Council votes against walkway
Pedestrian bridge will not be used to make easy access to new library
The County Council will not amend a 10-year-old urban plan for Silver Spring, essentially eliminating the possibility of building a pedestrian bridge that would connect the Wayne Avenue parking garage to the new Silver Spring library.
In an 8-1 vote Tuesday, the council voted against County Executive Isiah Leggett's amendment to the 1999 Silver Spring Urban Renewal Plan, which prohibits bridges over Wayne Avenue because it would be detrimental to nearby street-level retail.
The $750,000 pedestrian bridge had been proposed, and supported by Leggett (D) and the county's Commission of People with Disabilities, to allow the disabled and elderly to access the library without having to cross the busy intersection of Fenton Street and Wayne Avenue. The six-story library building, which will include an art center and county office space, will be located at Fenton and Wayne.
Residents had been mostly split on the pedestrian bridge, with Silver Spring Friends of the Library in favor of it and the Silver Spring Citizens Advisory Board against it.
But the opinion of council members and staff from the Maryland-National Capital Park and Planning Commission – that handicap-accessible parking could be achieved without necessitating a bridge – eventually won out.
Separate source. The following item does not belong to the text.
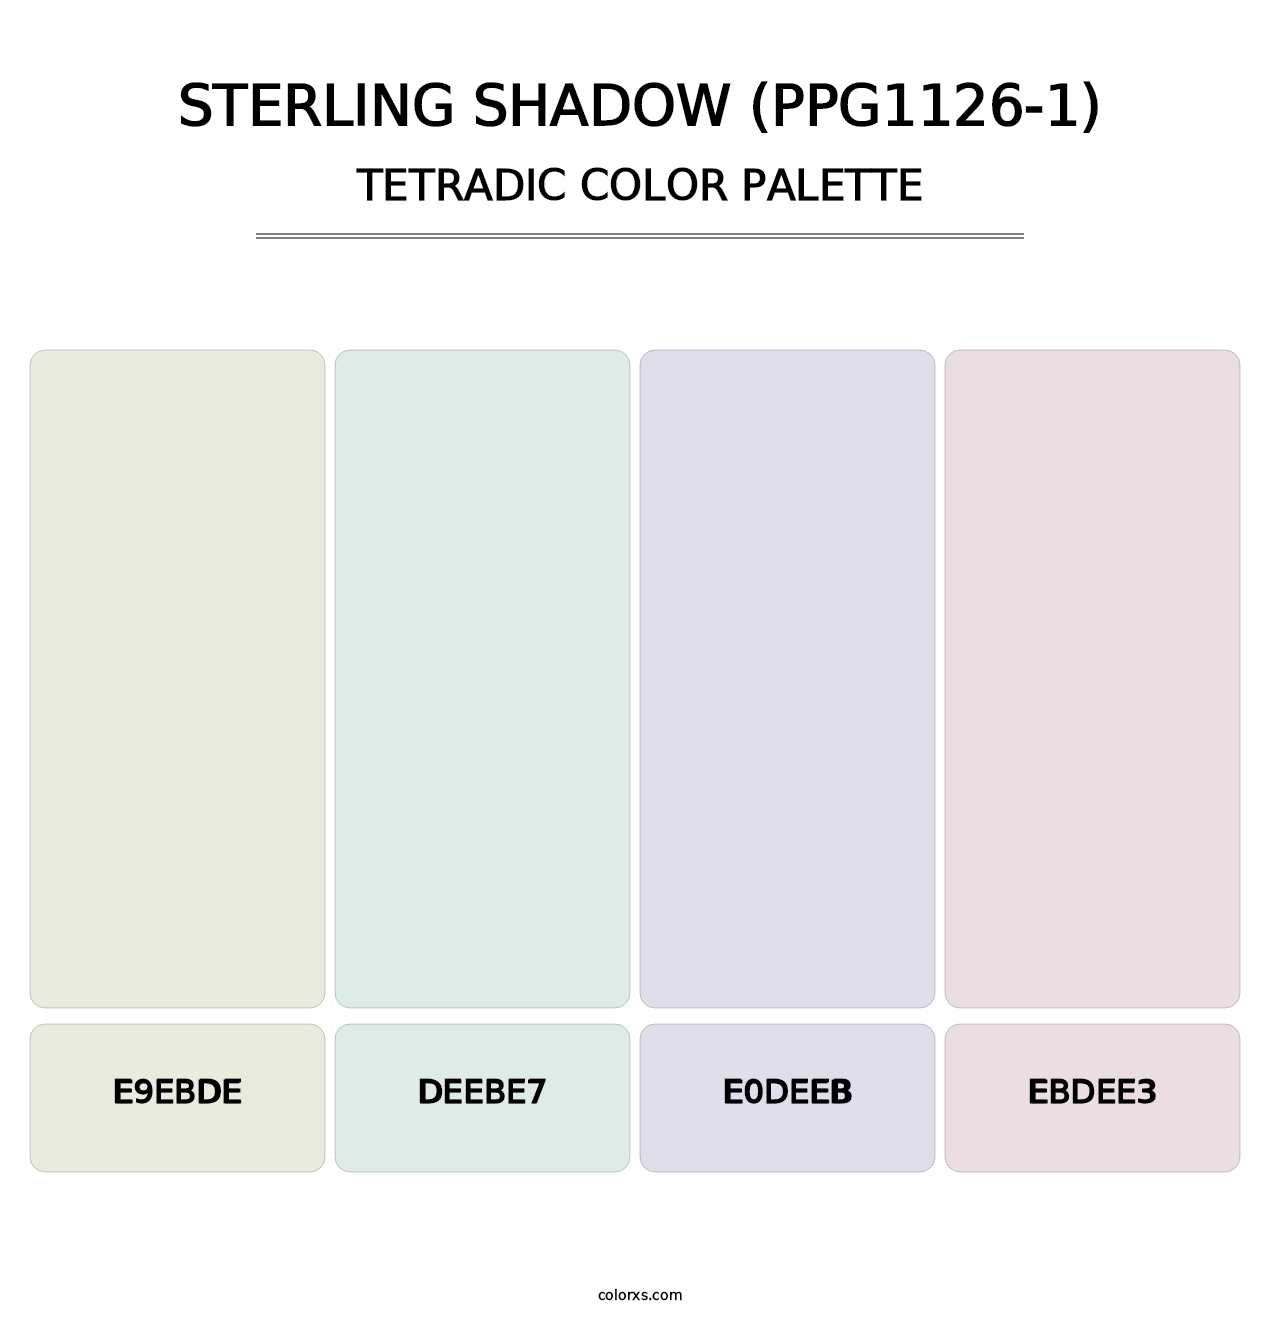 Sterling Shadow (PPG1126-1) - Tetradic Color Palette

"It can't be this is the one place in Montgomery County where, in order to achieve fair access, we need a bridge," Councilman Marc Elrich (D-At large) of Takoma Park said at a joint worksession of the council's Health and Human Services Committee and Planning Housing and Economic Development Committee on July 21.
Councilman George Leventhal (D-At large) of Takoma Park cast the dissenting vote in favor of reopening the plan.
"If we don't provide access that the disabled commission wants us to provide, then the usage of the library will be smaller than we want it to be," Leventhal said at Tuesday's vote.
Cindy Buddington, chairwoman of the disabled commission, said in a telephone interview Monday that the council did listen to the pleas of the disabled for a bridge, but "I just really don't think they will be able to find a solution."
The library will include a disability resource center.
In place of the bridge, planners will devise alternative locations for five or six handicap-accessible parking spaces serving the library.
Planning staff suggested a three-phase system that would first put the parking spaces off Bonifant Street at the now-vacant site of a future residential building that is part of the library project. When construction on that building begins, those spaces will be moved to a lane of Bonifant Street that will be occupied by the Purple Line, which will have a stop at the library. When the underground parking garage that will serve the residential building is completed, the handicap-accessible spaces will be moved there indefinitely.
Planners said the cost will be between $400,000 and $500,000 and the parking spaces would be about 170 feet from the library, on par with the estimated distance using the pedestrian bridge.
The council did not yet approve that proposal, however, and library planners will continue to look at handicap parking alternatives, said Councilman Michael J. Knapp.
"There weren't concrete proposals put forward on the table that say, This is the answer,'" Knapp (D-Dist. 2) of Germantown said. "… We gave the direction to the executive branch and planning staff to go out and work together and find a cost-effective solution to this problem."
The pedestrian bridge conflict again put the county's disabled community at the forefront of a planning issue. In April, a resolution was passed to eliminate the use of brick pavers on public right-of-ways, except in urban districts charged with maintaining them, because the brick pavers make county sidewalks too difficult to traverse for the disabled.
It was an example of county officials listening to the disabled, but only as a corrective measure, Buddington said.
"They need to get the disabled community involved in the early planning of situations, whether it's a building, streetscape or Metro station," she said. "That way we could hash out some of these issues earlier."